Он посмотрел на ее лоб, брови, на ушедшие куда-то зрачки. Он заметил, что лоб обветрен, а нижняя губа потрескалась.

— Сам не знаю…

Нет, и говорить невозможно, лучше смотреть на язычок свечи, который все время колеблется, и от этого колеблется за ним это близкое задумчивое лицо, то строгое, то нежное, то опять не пропускающее в себя постороннего взгляда. Или это просто казалось?

Она медленно пошарила по столу, взяла гребенку и стала расчесывать волосы. Ее глаза, как у сомнамбулы, были прикованы к свече— два остановившихся зрачка, окруженные золотистым мерцанием, трещали искры в волосах, механически подымалась и опускалась белая рука.

Когда она встала, встал и он. Она легла, лег и он. Свеча горела на столе одиноко и ненужно; весь старый барак шатало разошедшимся ветром.

— Потуши, — сказала она.

— Пусть горит, — сказал он.

— Потуши, — повторила она.

Он сел, приблизил губы почти вплотную к отстранившемуся пламени, ощутил его колющий жар и дунул. Во тьме затлел светлячок, съежился, погас.

Он лег поверх спального мешка, глаза его были широко открыты. Между ним и Ниной был прогал — голые доски нар, и он откинул туда руку ладонью вверх, чтобы ее ладонь легла на его ладонь. Он знал, что это немыслимо, но в такую ночь могло случиться и невозможное. Это ночь древних финских заклинателей, это кантеле Вейнемейнена заклинает старуху Лоухи, хозяйку мрачной Похьёлы, колеблет леса, море, горы, болота. Шаманьи бубны колотят по гнилым тесинам барака, ветер западает, пережидает и опять гигантским катком приближается через утробу лесов, через озеро, вдоль проулка, и тогда воет-щебечет в трубе, дует сквозь пазы на распростертое тело.

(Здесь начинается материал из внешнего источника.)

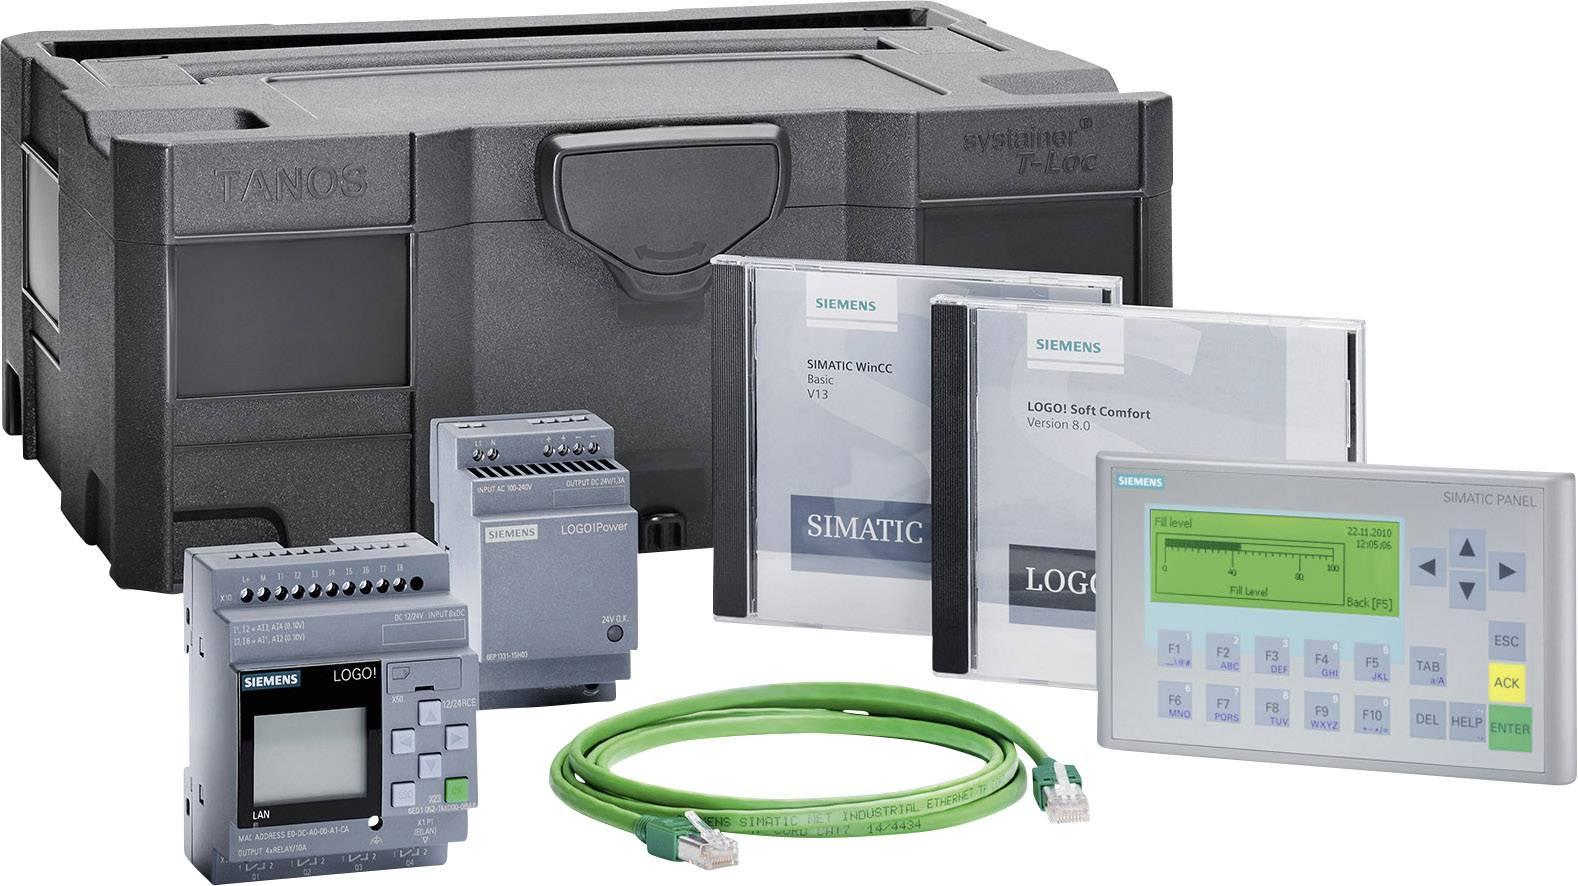 Štartovacia súprava Siemens LOGO! KP300 BASIC STARTER LOGO! 12/24RCE 6AV2132-0HA00-0AA1

— Нина! — позвал он. — Нина!

— Я здесь, — шепнула она, и он услышал.

Он вытянул руку еще дальше, наткнулся на что-то мягкое, и сейчас же ее ладонь нашла, накрыла его ладонь, осторожно, но крепко прижала к доскам, словно заблудившегося зверька, он хотел, но не мог остановить мелкой дрожи, которая от пальцев передавалась всему телу. Все могло случиться в такую ночь, совсем нечеловеческую, и пусть, но… «Где же я? Где она?» Он искал слова как спасения, дрожь мелко колотилась в зубах, мешала сказать, но он выговорил:

— Нина! Нина, я… я — женюсь — на вас…

Молчание, какое черное, полное ветра, дрожанья стен, половиц, рам, стекол. Какое долгое, полное тьмы, когда нет света ни позади, ни впереди, как в вакууме, в болезни.

— Я уже была замужем, — сказала она наконец, и его ладонь обмерла.

— Ну и пусть, — сказал он с отчаянием, потому что ночь обрушилась на него опять и все ускользало. — Пусть, какое мне дело, я не могу, я не могу так, я…

Ее ладонь чуть сжалась, успокаивая, и он поверил ладони. Хотя теперь уже без сомнения это была ладонь Женщины, и он боялся еще больше ее силы и того колдовского акта, который надо совершить, не зная, что будет, стать иным, потерять разум, волю, стыд и все свое прошлое, чтобы потом, может быть, остаться совсем одному.

Но ее ладонь все успокаивала; пальцы сплетались с пальцами, дрожали, жаловались, просили, отталкивали, не отпускали, и ему показалось, что он услышал плач, или смех, или все вместе, и он опять поверил и стал огромным, жарким, бережным, мудрым, но еще прислушивался к страху ошибиться, чтобы не быть отброшенным, искалеченным, а потом (сколько веков утекло — он не знал) не она, а сами пальцы сказали ему: не бойся…

Он проснулся внезапно, будто его окунули в прозрачную воду рассвета, увидел ее открытые глаза прямо против своих глаз и улыбнулся одновременно с ней. Каждая клеточка его тела дышала силой и покоем. Все изменилось. Он стал сильным и добрым. Он покорился ей добровольно, а она — ему. Ветер стих, и светлело все чище, прохладнее, а потом они услышали синицу, осеннее бодрое теньканье на рябине у крыльца. Она не улетела, когда они открыли дверь и встали на пороге как муж и жена. Свет и тучи, брызги солнца с востока по побуревшей осоке, по ряби на плесе. Ровный умеренный ветер с запахом льда и хвои. Они умылись и стали готовить завтрак.

Поздно вечером, когда они пили чай у костра, вернулся дядя Миша — ссутулившийся, прихрамывающий, весь в грязи.

— Нашел, — сказал он и сел на землю. Все морщинки его посерели от усталости, запали виски, выпятился кадык. Не снимая кепки, он выпил подряд две кружки чая.